Les immeubles non reliés aux collecteurs d’eaux usées publiques doivent obligatoirement être équipés d’un système d’assainissement autonome agréé. S’ajoutent des obligations d’entretien, de vidange et de contrôle.

- Voir article L 1331-1-1 du code de la santé publique.

Le choix d’un système dépend en grande partie du sol, du milieu récepteur et du terrain d’implantation concernés.

Le propriétaire de l’immeuble est responsable du choix du procédé d’épuration autonome qui doit garantir la bonne épuration des eaux usées (wc, lavabos, cuisine, lave-linge, douche) avant leur rejet dans l’environnement. Il ne doit pas recevoir d’eau pluviale.

Chaque procédé nécessite des opérations d’entretien spécifiques.
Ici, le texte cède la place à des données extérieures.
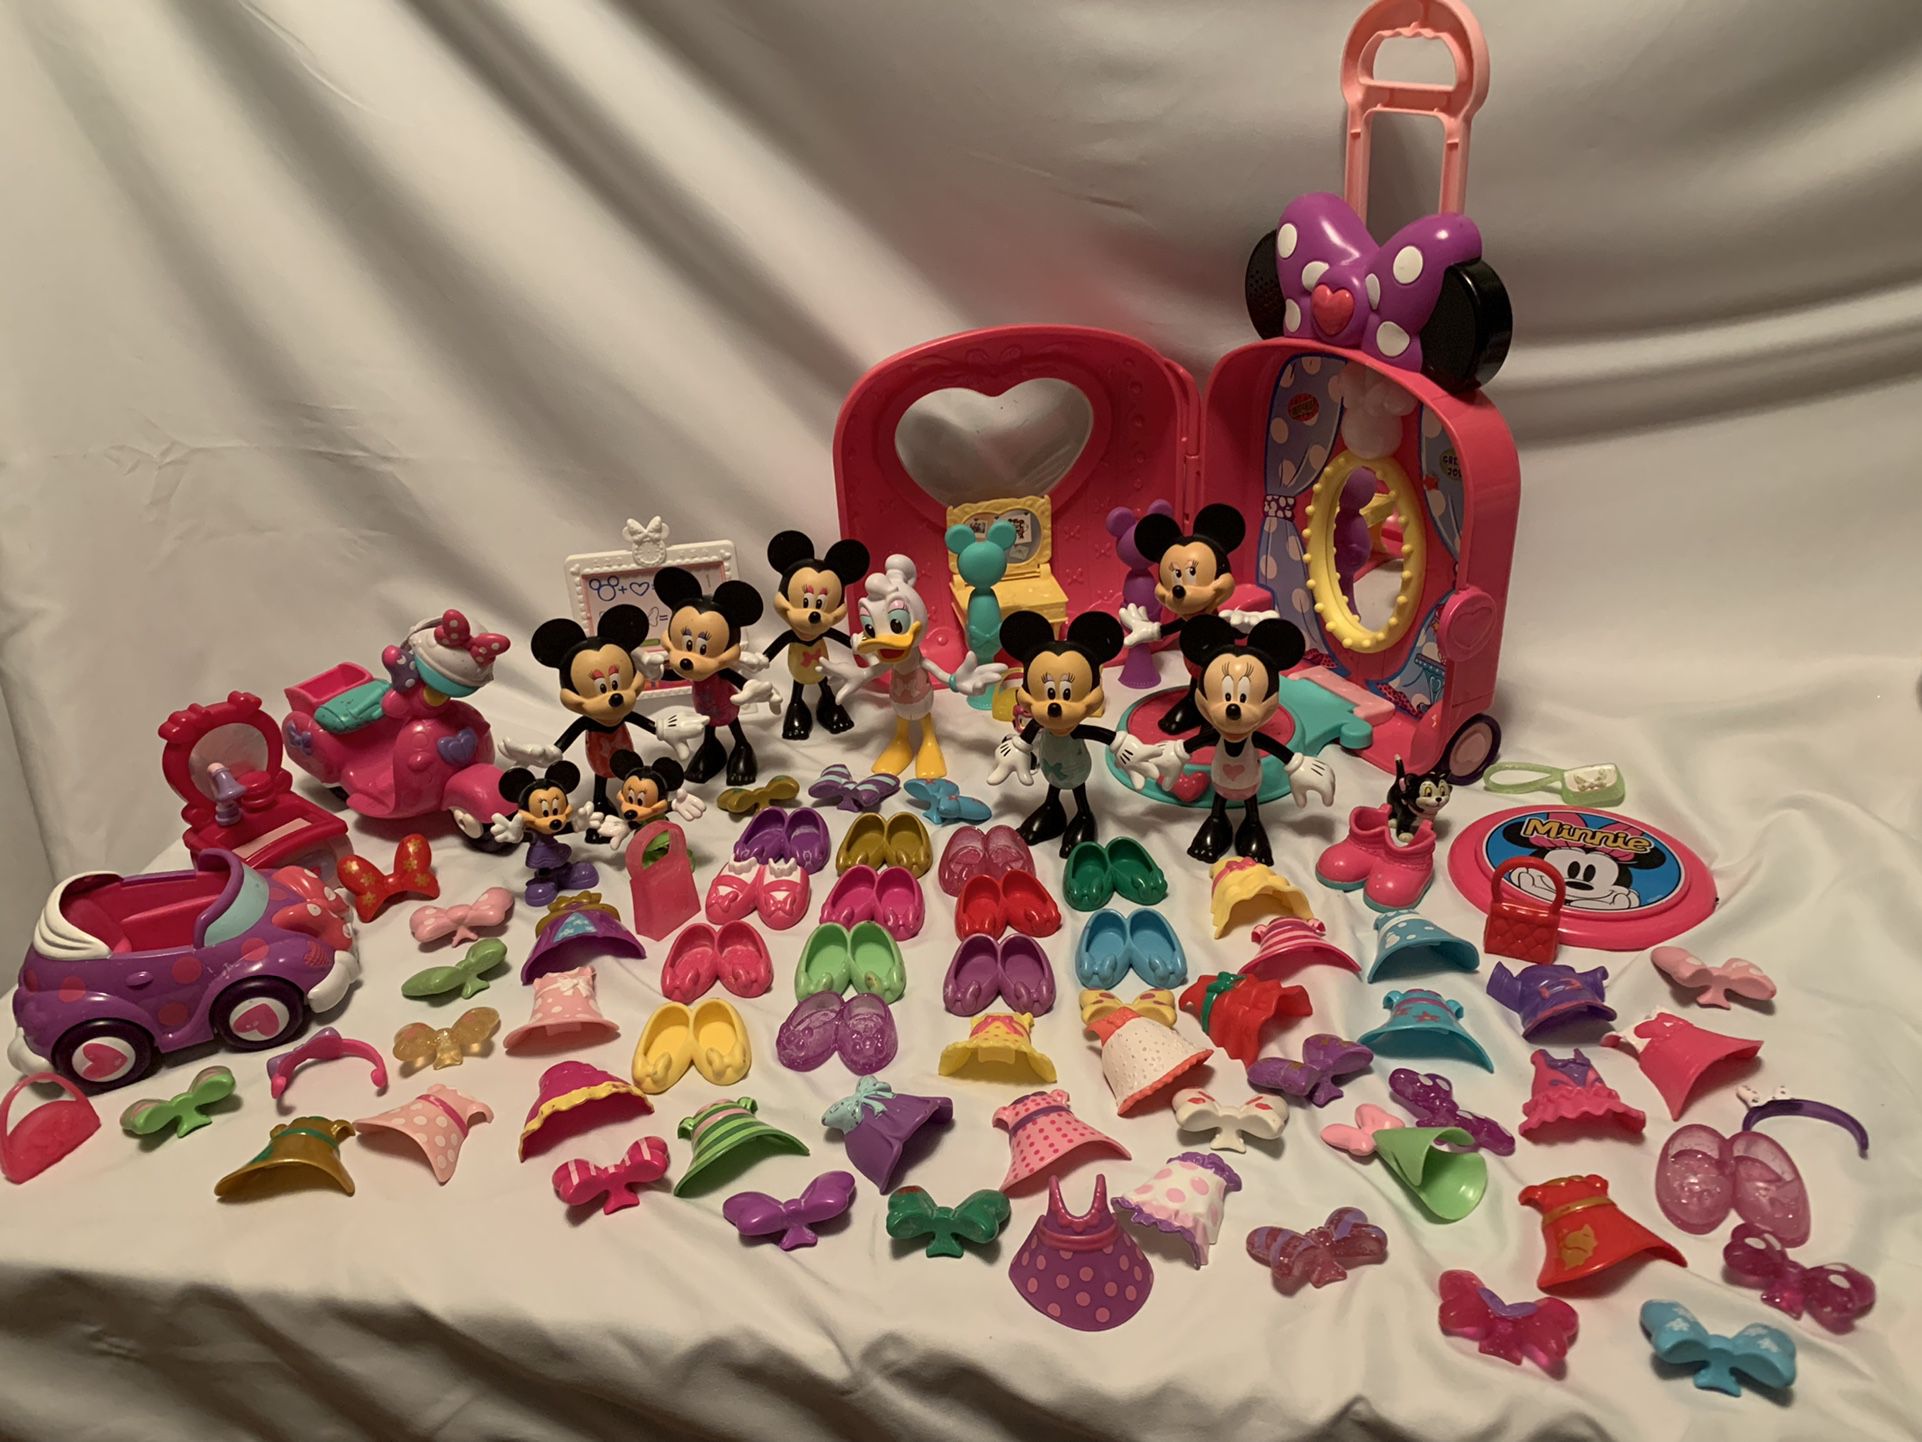 Disney Minnie Mouse And Daisy With Tons Of Accessories And Snap On Outfits
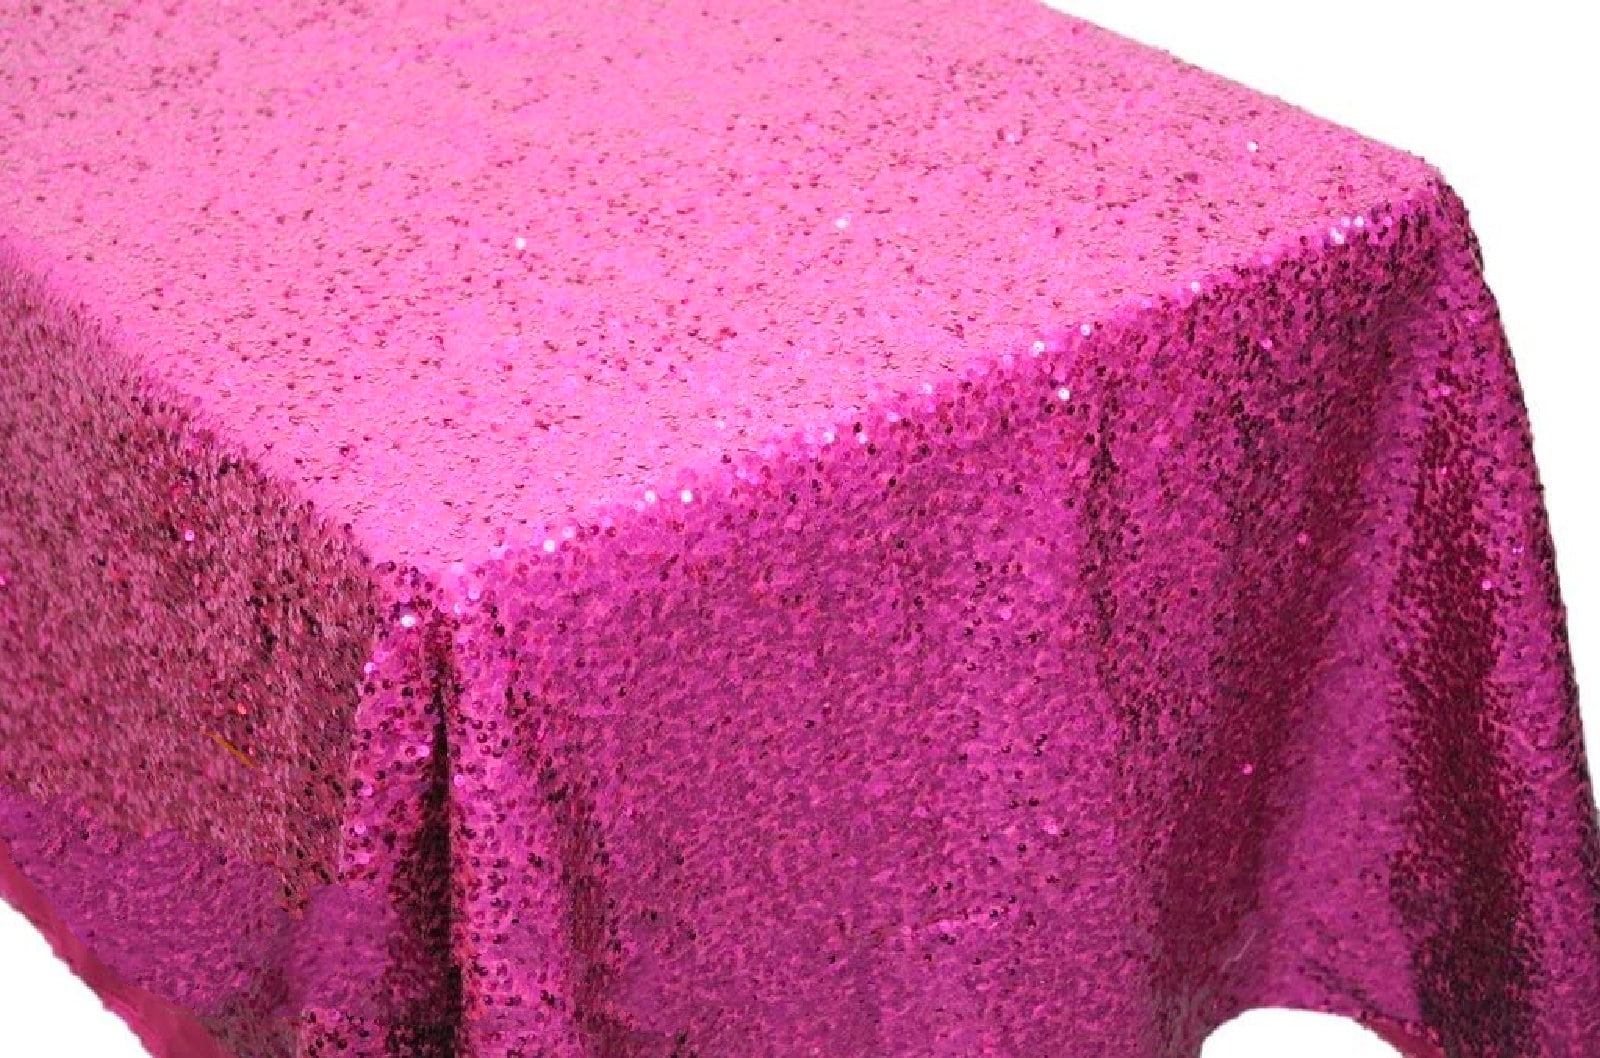  Ambesonne Hot Pink Tablecloth, Classical Simple Modern Design  with Vibrant Colored Diamond Line Pattern, Dining Room Kitchen Rectangular  Table Cover, 52 X 70, Pink Peach Fuchsia : Home & Kitchen

Un guide d’utilisation (entretien, vidanges périodiques, etc..) doit avoir été remis par le fournisseur du système.

- Voir arrêté du 7 septembre 2009 (mod. 2012) fixant les prescriptions techniques applicables aux installations d’ANC (de capacité jusqu’à 20 équivalents-habitants (EH)

Le projet d’installation d’un d’assainissement autonome doit faire l’objet d’un avis préalable favorable de la part de la commune.

Le propriétaire est aussi responsable de la mise en conformité du système s’il ne l’est pas.

Les eaux pluviales (toitures, etc..) ne doivent pas être rejetées dans le système d’épuration, mais à part dans l’environnement.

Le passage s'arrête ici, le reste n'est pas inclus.